HPI: 38-year-old woman comes to clinic for evaluation of a thoracic kyphotic deformity. She states that she was diagnosed with a "scoliosis" during grade school and was never evaluated further. She has been living with this over her lifetime and has developed increasing discomfort and pain in the thoracic area of her spine over the last year primarily while sitting down or while lying down. She has difficulty lying on her back and can only sleep while lying on her side. Otherwise, she does not have any pain at rest and does not take any medications for pain or this discomfort. She will take Tylenol p.r.n. for pain control. She has completed all conservative therapies with diligence and without improvement in her symptoms. She is miserable and hoping to get her pain taken care of.
All other relatives are deceased (no remarkable history).
School teacher. Four children – all healthy. No alcohol or other drug use.
Awake, alert, fully oriented, cooperative and conversant, and able to provide a full and detailed history.
5/5 motor examination in her upper and lower extremities.
Sensation is grossly intact to light touch.

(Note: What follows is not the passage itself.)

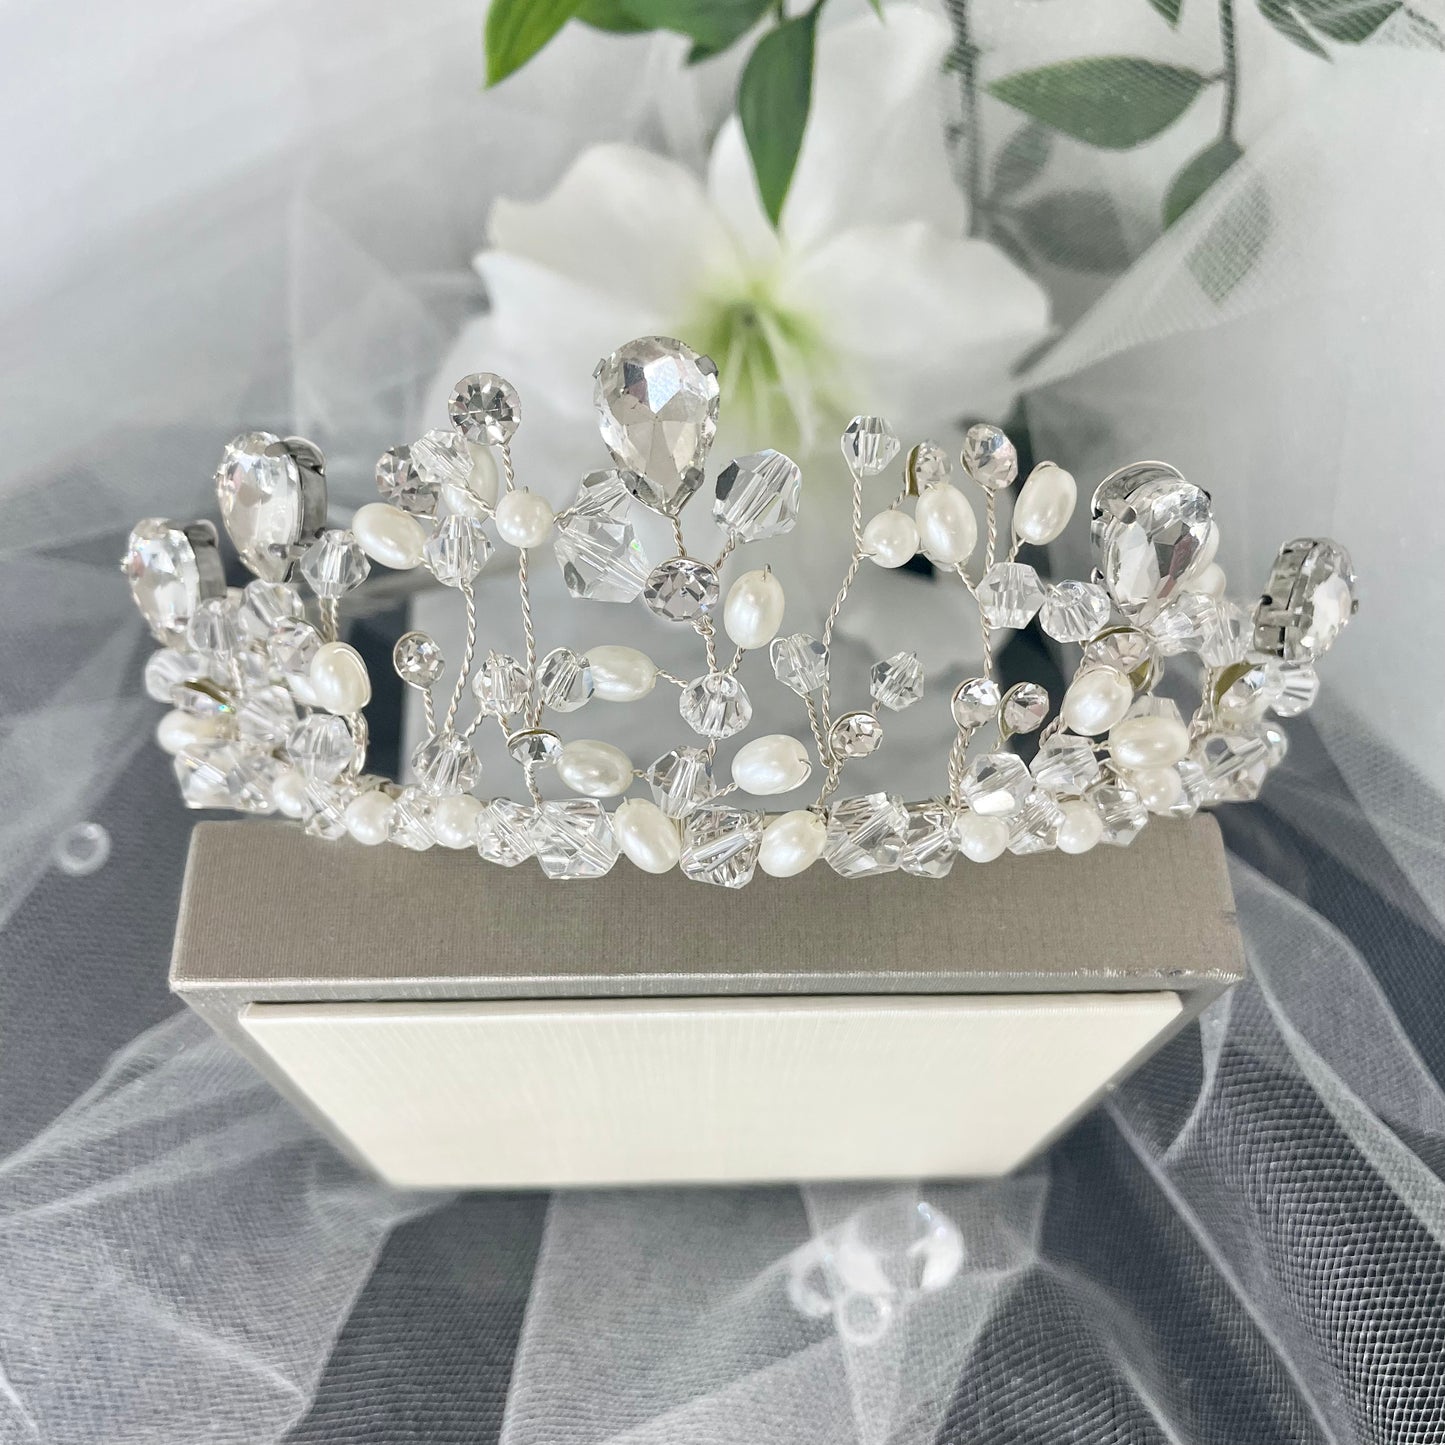 "Amara Tiara: Exquisite Handcrafted Crystal and Pearl Adorned Masterpiece."

With the patient standing, she has an exaggerated lordosis in her back and in her lumbar area and a prominent kyphosis in the upper thoracic region. There is a minimal scoliotic curve towards the left in her thoracolumbar area. The patient is in neutral sagittal balance and alignment, and her shoulders are squared over her hips. The left shoulder is slightly raised and elevated compared to the right side.
With flexion, extension and lateral bending, there is no exaggeration of symptoms and there was mild mobility of her kyphotic deformity with gentle compression of the thoracic-kyphotic prominence.
Long Tract Signs: negative
Figure 1-3 (Below) CT spine: spontaneous arthrodesis of T9 and T10. Significant osteophtyes at T10/T11 and T11/T12
MRI (no images available): no tether or neural axis anomalies.
1. What is your recommendation to this patient?
2. What approach do you select?
3. If you choose to include posterior approach, how many levels do you include in your fusion (apex of kyphosis is T10).
4. Do you augment your posterior hardware with hooks, cement, etc or use pedicle screws only?
5. Do you perform his surgery with intra-operative neuromonitoring?
6. Please add any suggestions or comments regarding this case:
- POSTERIOR VERTEBRAL OSTEOTOMY ( SUBSTRACTION ) IS A GOOD OPTION AS WELL PLUS SCREWS
- this is a difficult surgery and proper counseling of the patient is essential with regard to complication in particular neurological.